• GIVEN INFORMATION
────────────────
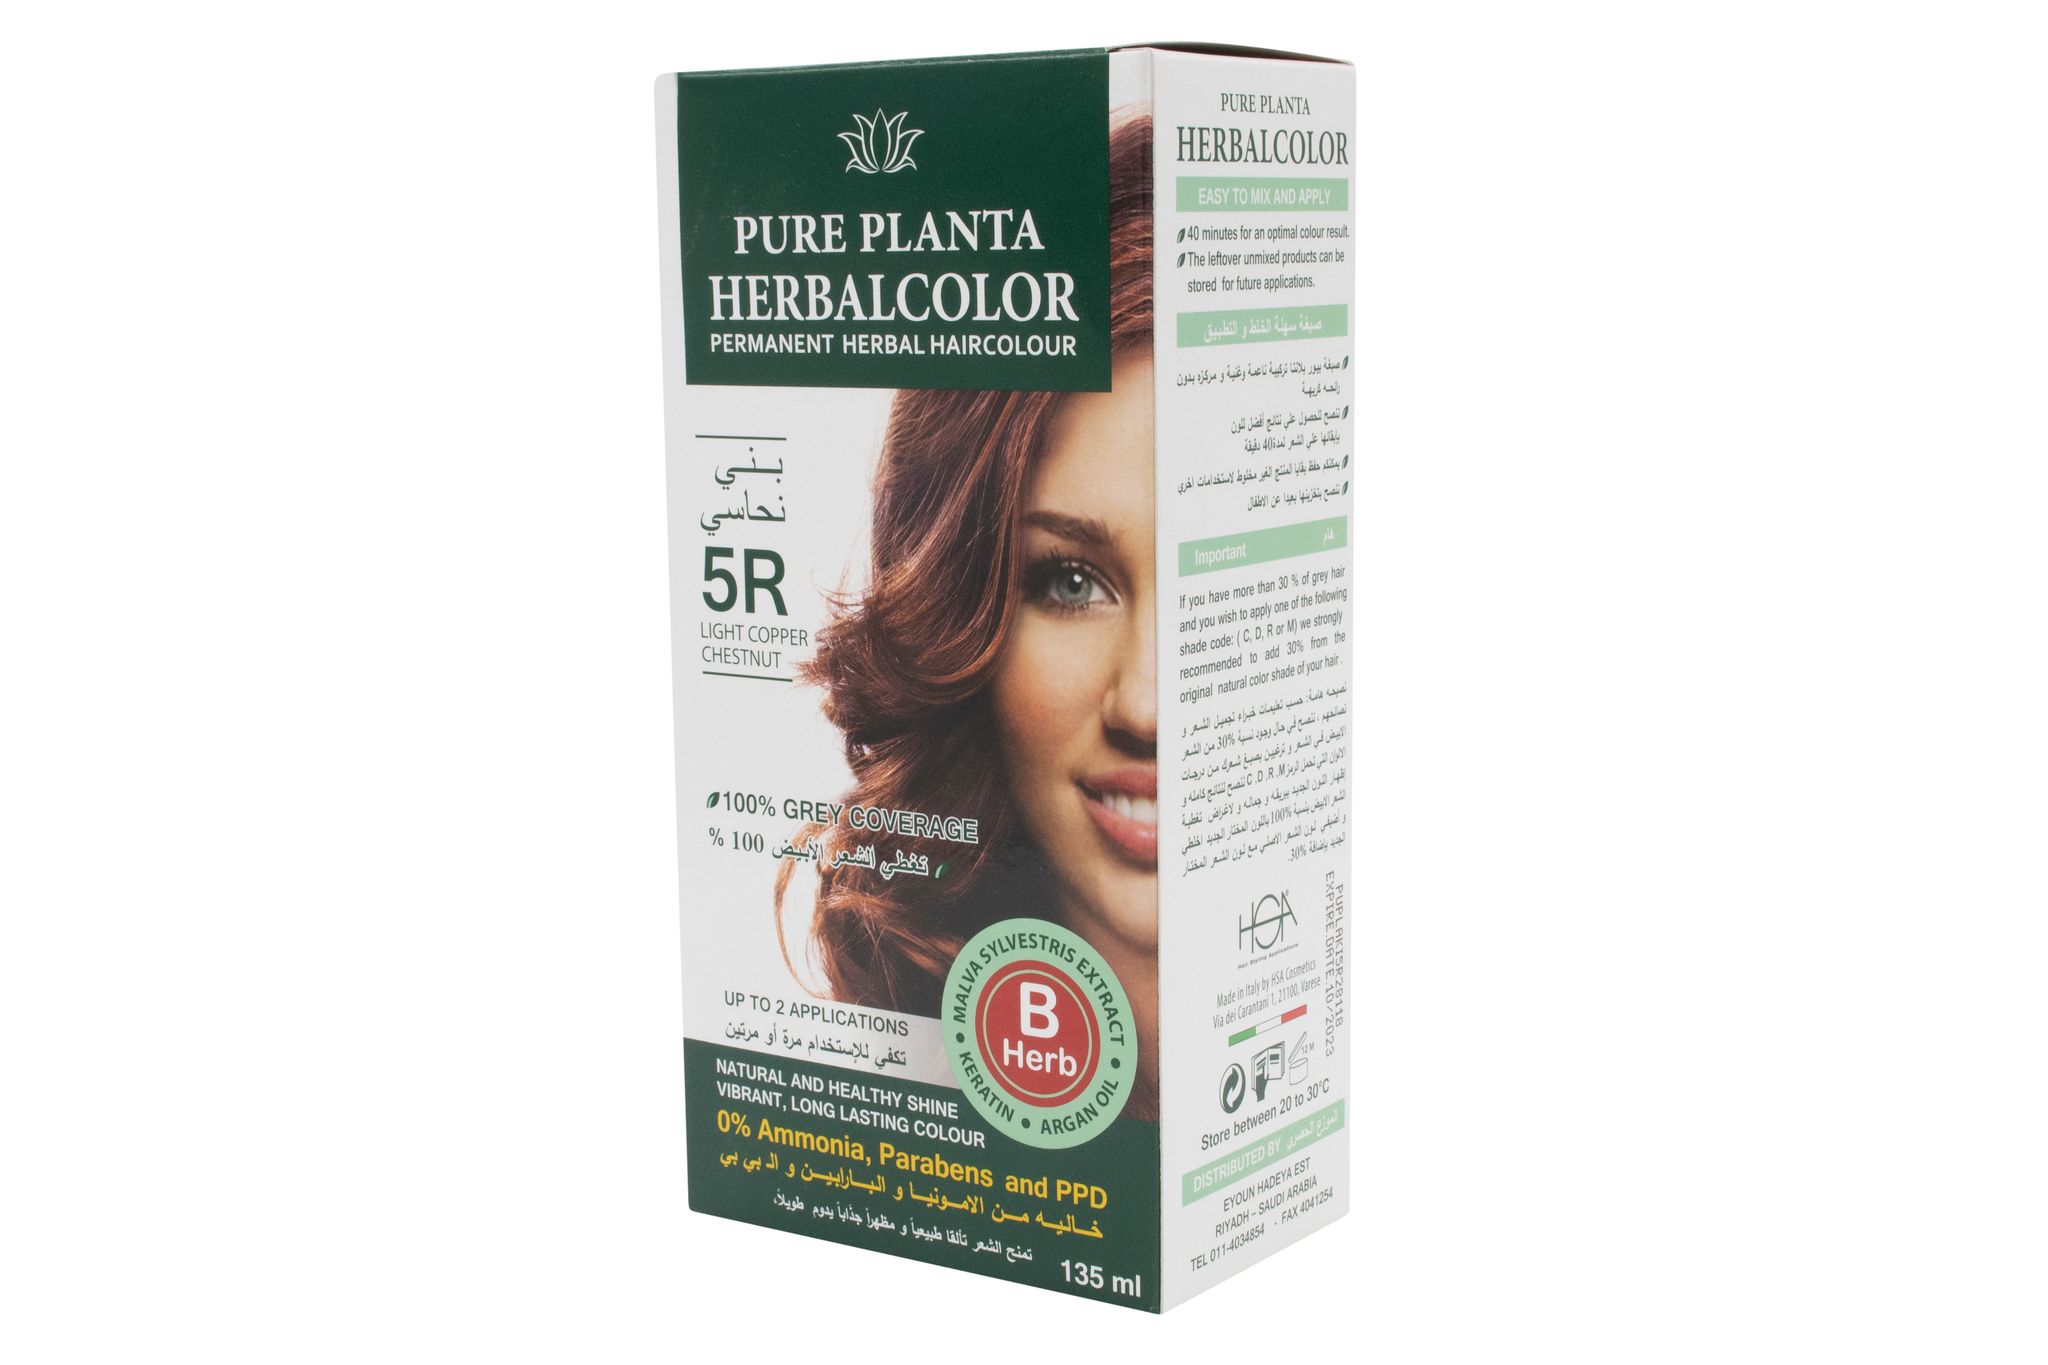 Herbal Hair Color Gel 5R Light Copper Chestnut
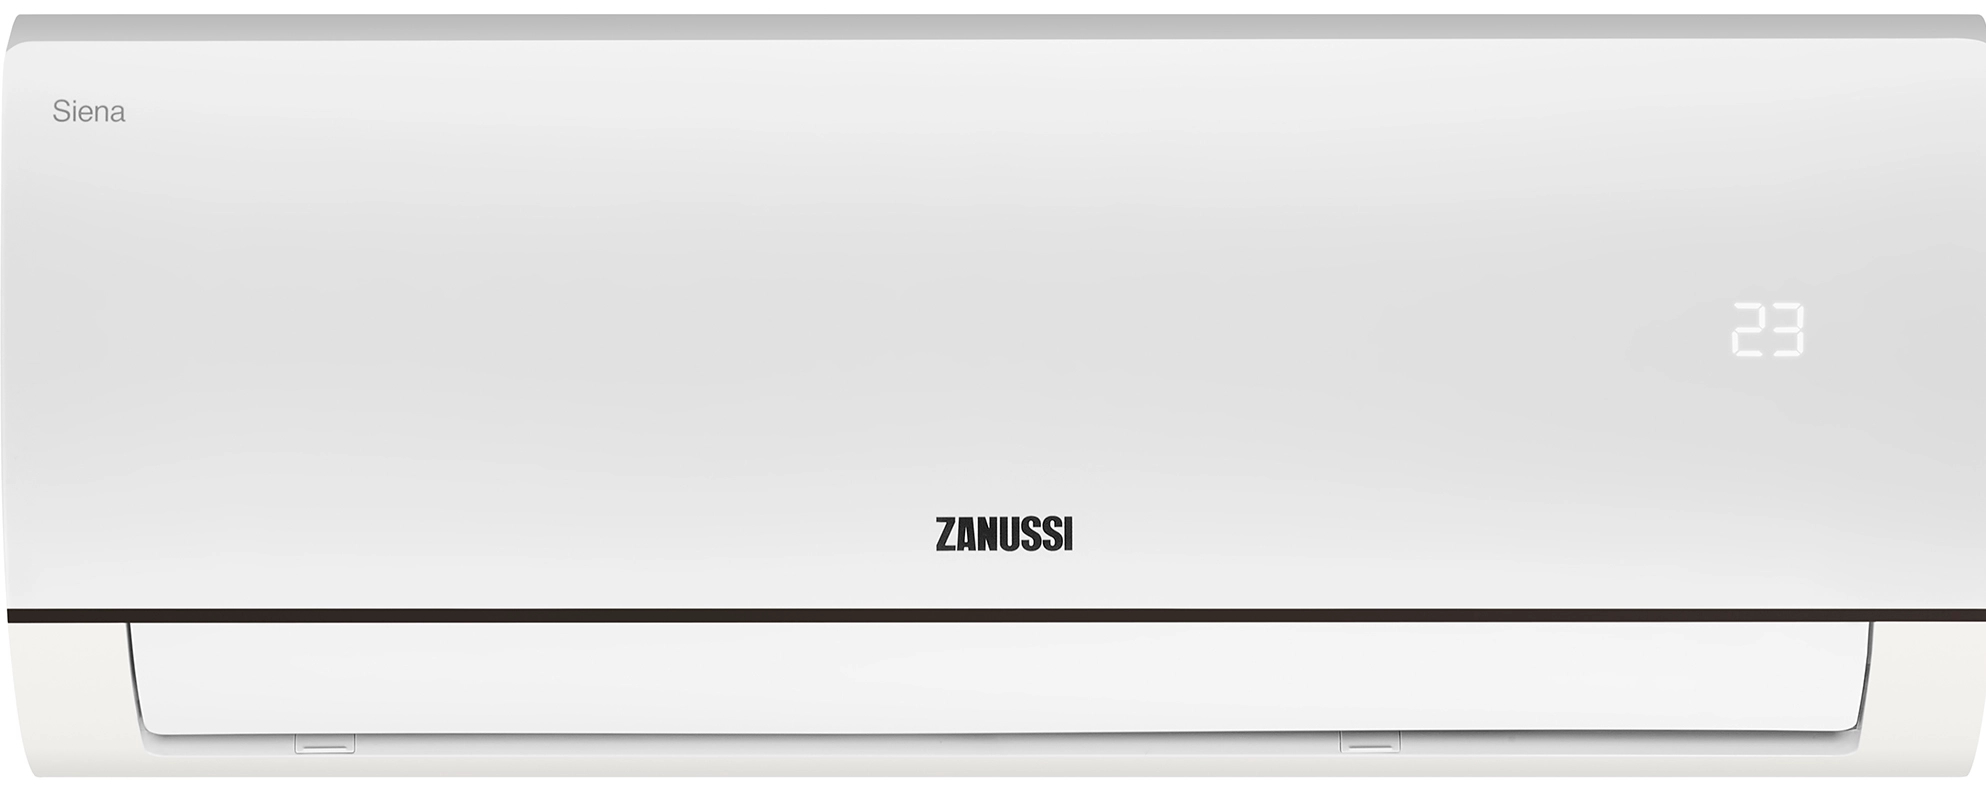 продаём Zanussi Siena ZACS-18 HS/A21/N1 в Украине - фото 4
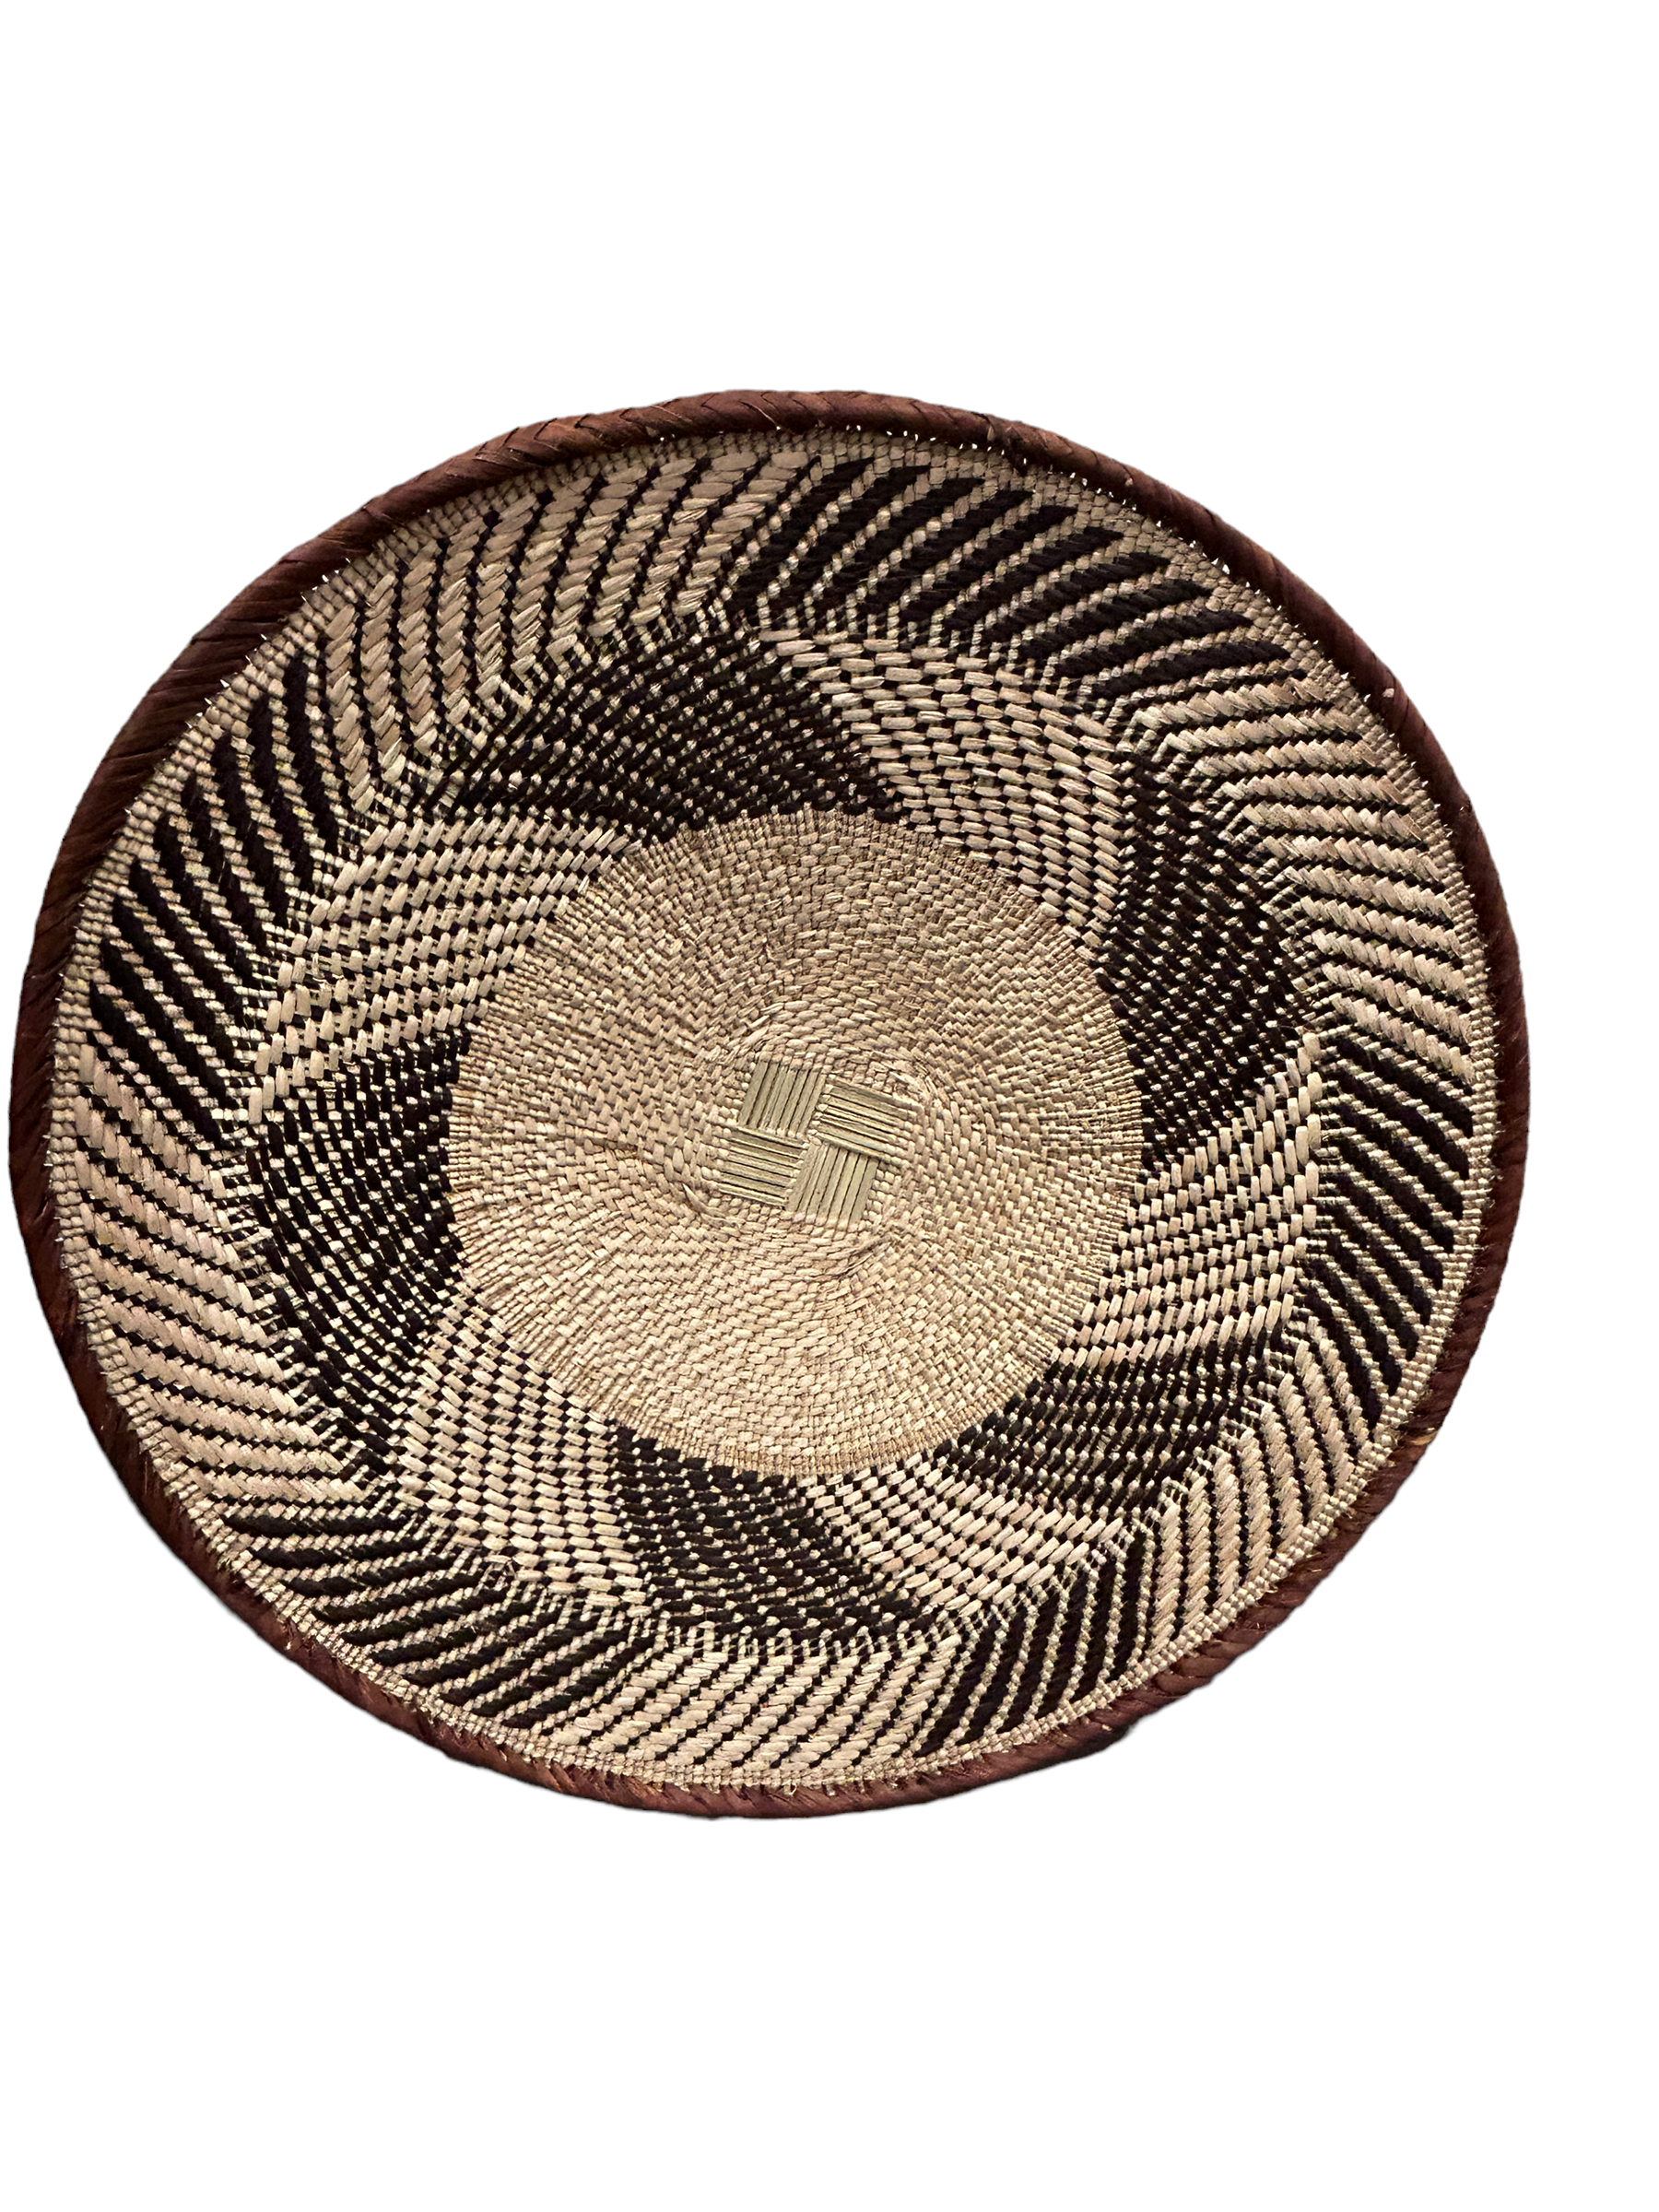 botanicalboysuk Tonga Basket Natural (50-11)
────────────────
• PROBLEM REQUIREMENTS
Leaving out only the pictures, reproduce the listing exactly.

• FINAL ANSWER
 Herbal Hair Color Gel 5R Light Copper Chestnut
 продаём Zanussi Siena ZACS-18 HS/A21/N1 в Украине - фото 4
 botanicalboysuk Tonga Basket Natural (50-11)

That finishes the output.